Previously, Aarron founded the UX practice at MailChimp and helped grow the product from a few thousand users to more than 10 million over eight years. He's offered design guidance to the White House, the US Department of State, dozens of startups, venture capitalists and students at design colleges throughout the U.S. and Europe.

He is the author of the best selling book Designing for Emotion from A Book Apart. You'll find @aarron on Twitter sharing thoughts on design. 

He will be live on May 18 starting at 930 AM PT for one and a half hours during which he will answer as many questions as possible.

  • JP

    John Phamvan

    7 months ago #

    Hi Aarron - thanks for being here.
    Can you talk more about the role of UX in a startup's growth?
    Does that role change based on stage (e.g, pre and post product-market fit)?
    How do you measure its impact?

    • AW

      Aarron Walter

      7 months ago #

      Hi, John.

      UX is critical at a startup as product success is not determined by function alone. Great products address user's needs *and* feel great to use. To stand out in a crowded market we've got to create products that provide a solid user experience.

      Design certainly does change as a company scales. I've written in detail about the challenges of scaling design teams here> https://medium.com/leading-design/7-problems-growing-design-teams-face-5fd94292d405

      In a small company, design is visible to all which makes its value and position in the process apparent. But as the company scales designers need to work harder to socialize their work and get more people involved. When design is no longer visible in a company, it no longer has power.

      How does we measure the impact of design? We tie design efforts to core business goals.
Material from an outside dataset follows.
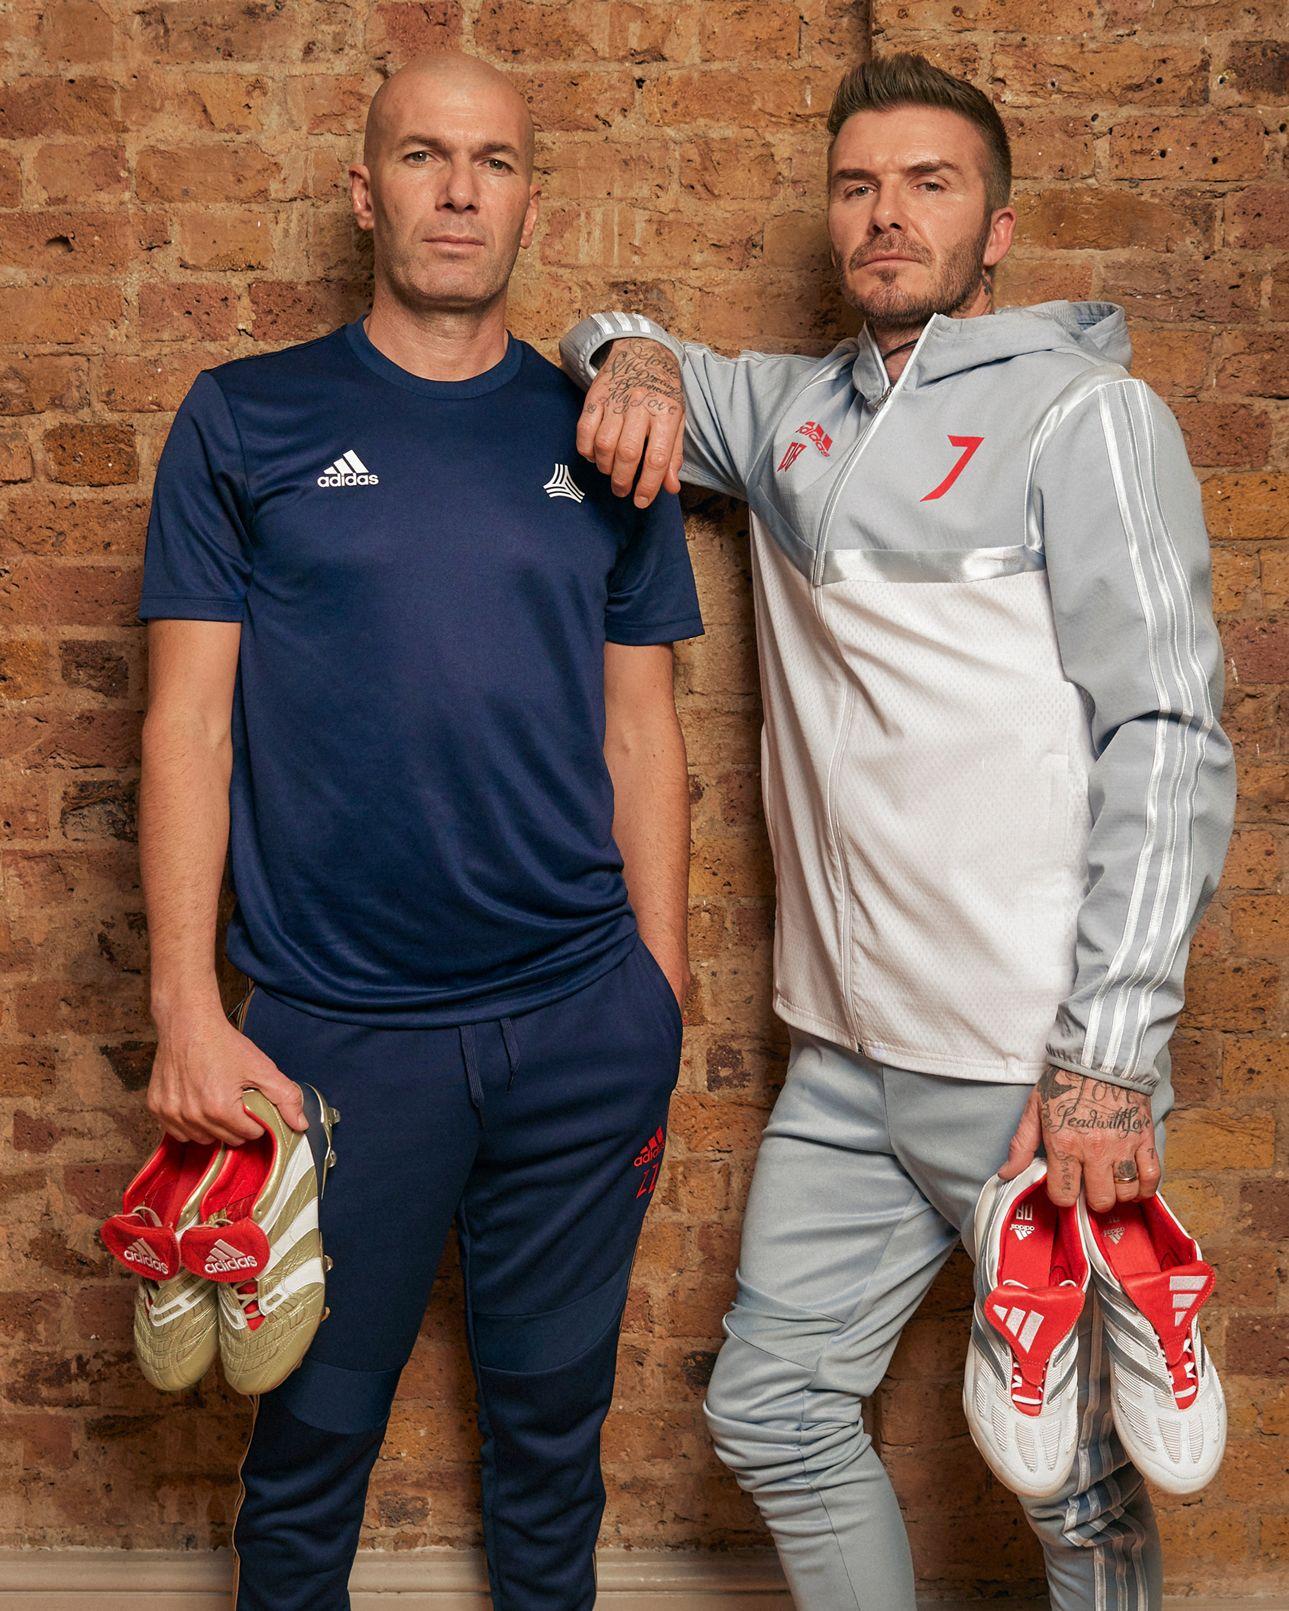 Zidane y Beckham con los Predator 25 Aniversario | Imagen Adidas

User retention, user on boarding, and repeat sessions can be metrics that help us gauge the success of design, but each org will be different.
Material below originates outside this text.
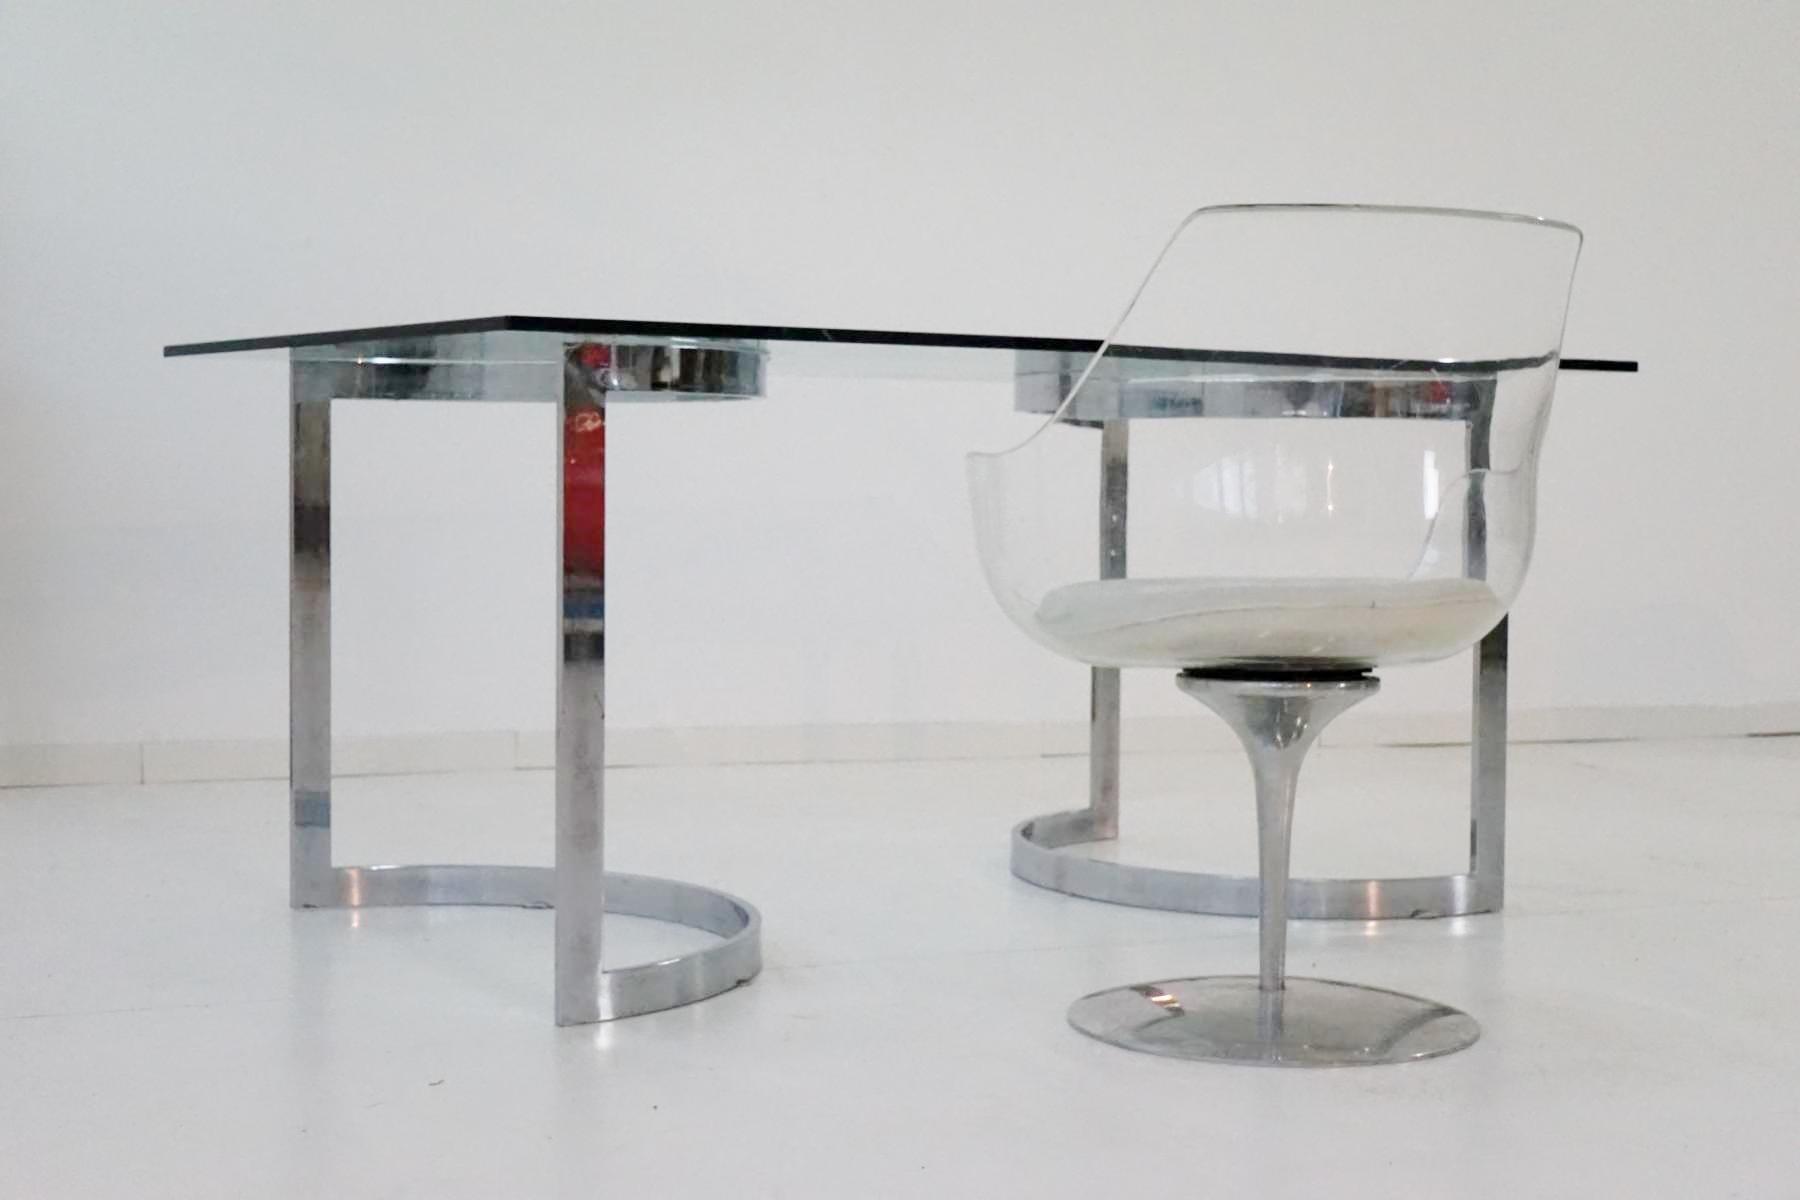 space age chrom glas esstisch von milo baughman 1970er bei pamono kaufen. Black Bedroom Furniture Sets. Home Design Ideas

      It's important for designers to understand the business and think about their work in relationship to the company's goals.

      3 Share
      • PS

        Penelope Singer

        7 months ago #

        When design has historically not been very visible in the company culture, what specific strategies would you recommend to change that? How do you move to get design a seat at the big table?

  • AW

    Aarron Walter

    7 months ago #

    Howdy, folks! Excited to talk with you today. Before we get started I want to let you know you'll find my writings and past interviews that go deeper into some of the topics we'll discuss today on my site http://aarronwalter.com.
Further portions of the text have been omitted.